Gigabyte software reputation: RGB Fusion and Control Center work, but they’re not as polished as ASUS Armoury Crate or MSI Center. Expect occasional quirks and less frequent updates.

Longtime overclockers might also find the BIOS lacking some advanced memory tuning options compared to ASUS or MSI boards, though 99% of users won’t hit those limitations. For benchmark-focused testing scenarios, there are better options, but for real-world gaming, these drawbacks are minor.

Conclusion

The Gigabyte X670 Gaming X AX V2 doesn’t chase hype or headline features, it focuses on delivering reliable performance where it counts. Solid VRM thermals, four M.2 slots, stable DDR5 support up to 6400MHz, and Wi-Fi 6E at a $240-$260 price point make it a standout option for mid-range gaming builds in 2026.

It’s not flashy. The RGB is minimal, the audio codec is basic, and the software won’t win any design awards.

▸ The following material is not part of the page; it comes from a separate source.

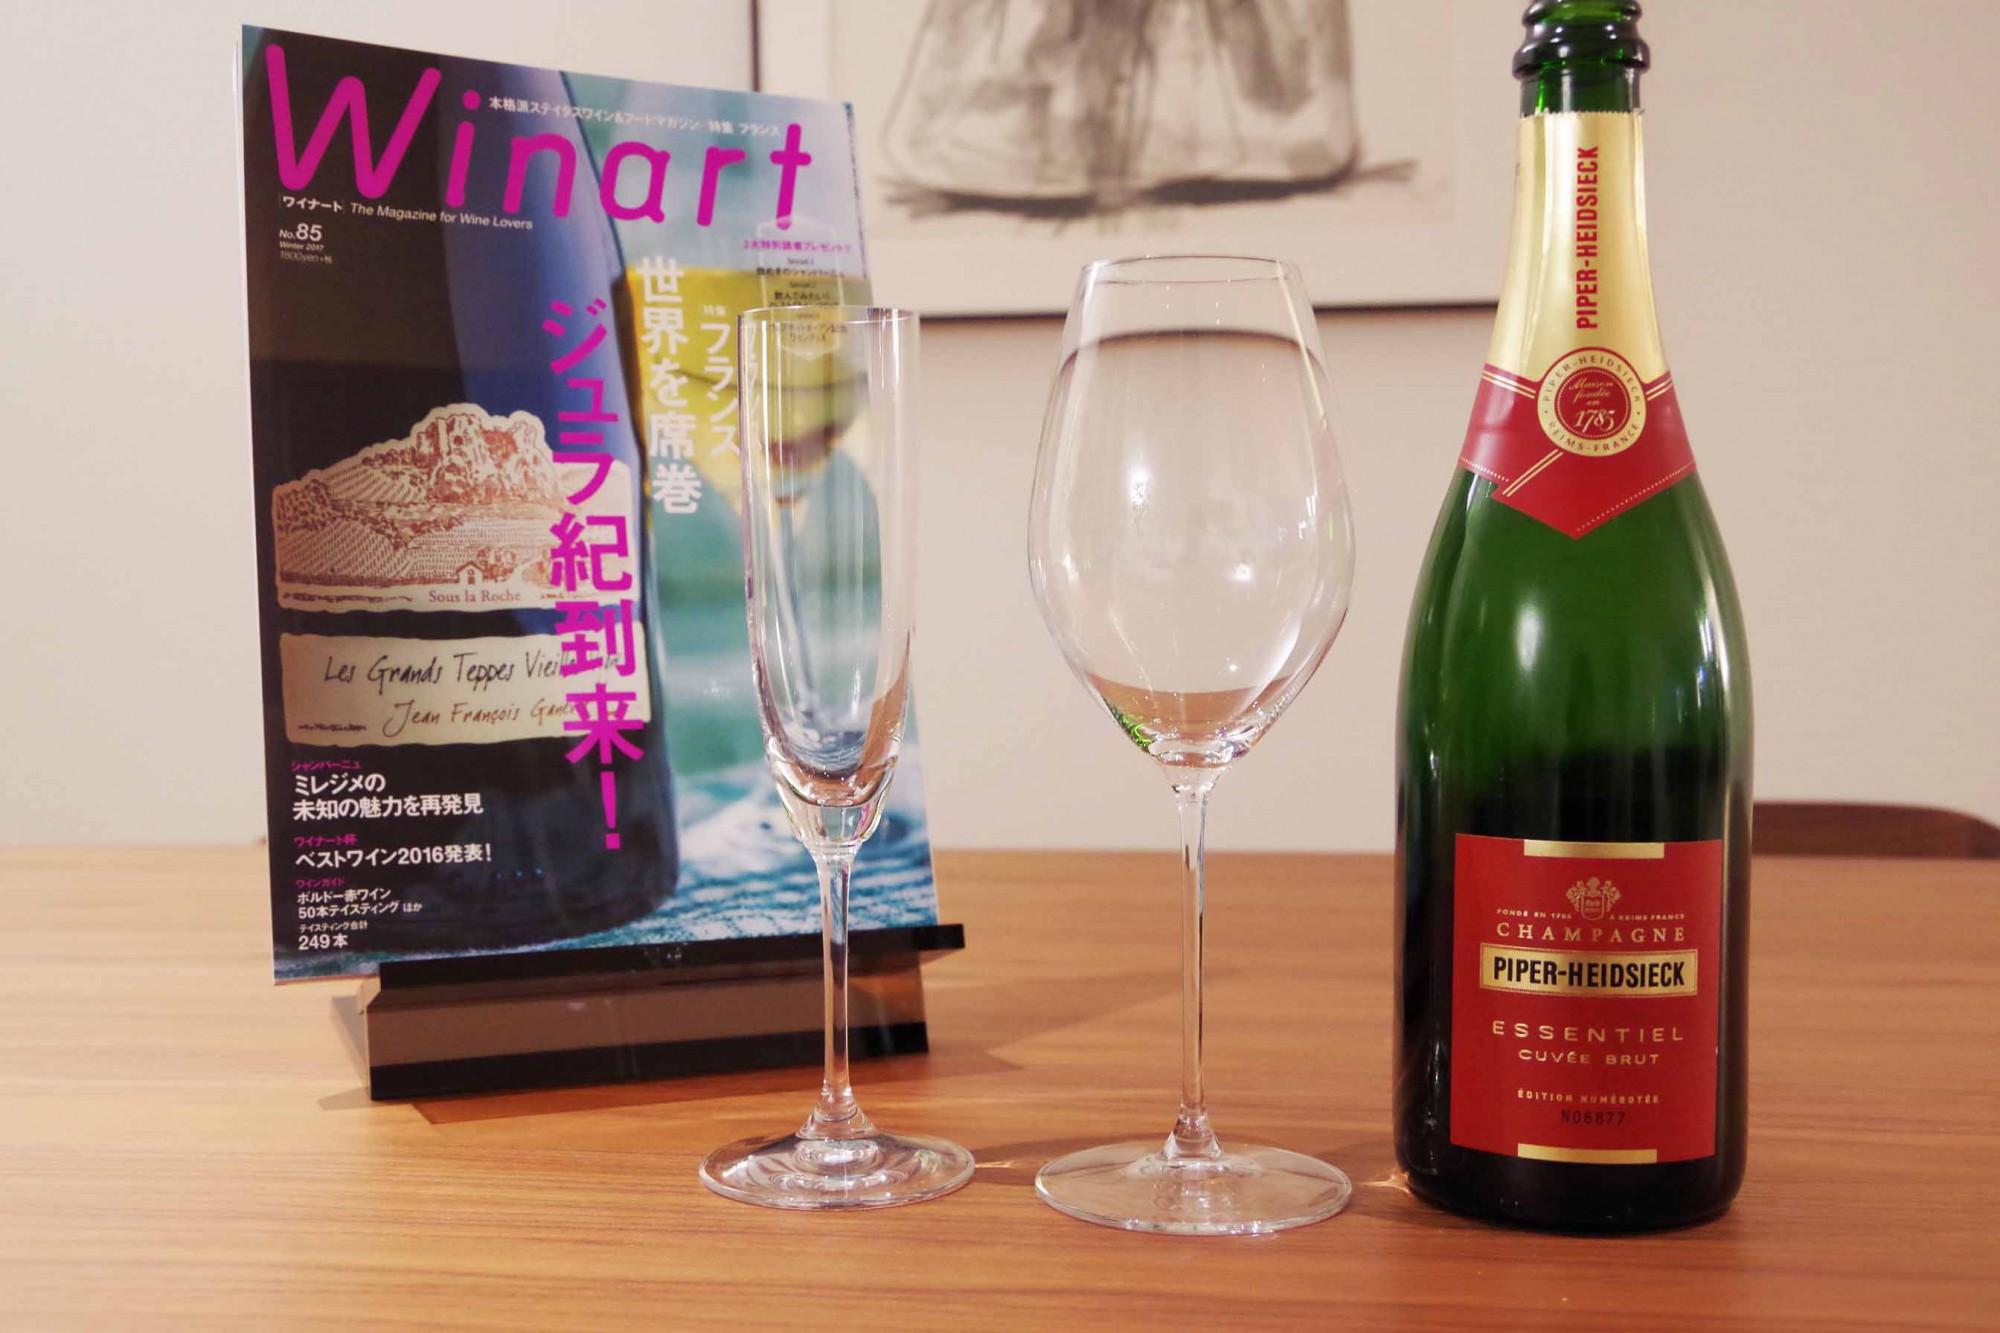 【イベント第1弾レポート】〈arflex × Winart with Riedel〉グラステイスティングで新たなシャンパーニュの楽しみ方を発見!

But if you’re building around a Ryzen 7000 or 9000 series chip and want a board that won’t bottleneck your GPU, throttle under load, or force compromises on storage and connectivity, this delivers.

The V2 revisions matter, improved thermals, better memory stability, and a mature BIOS make this a more polished product than the original. For gamers prioritizing performance and expansion over aesthetics and brand prestige, the X670 Gaming X AX V2 earns its place as a top mid-range AM5 option.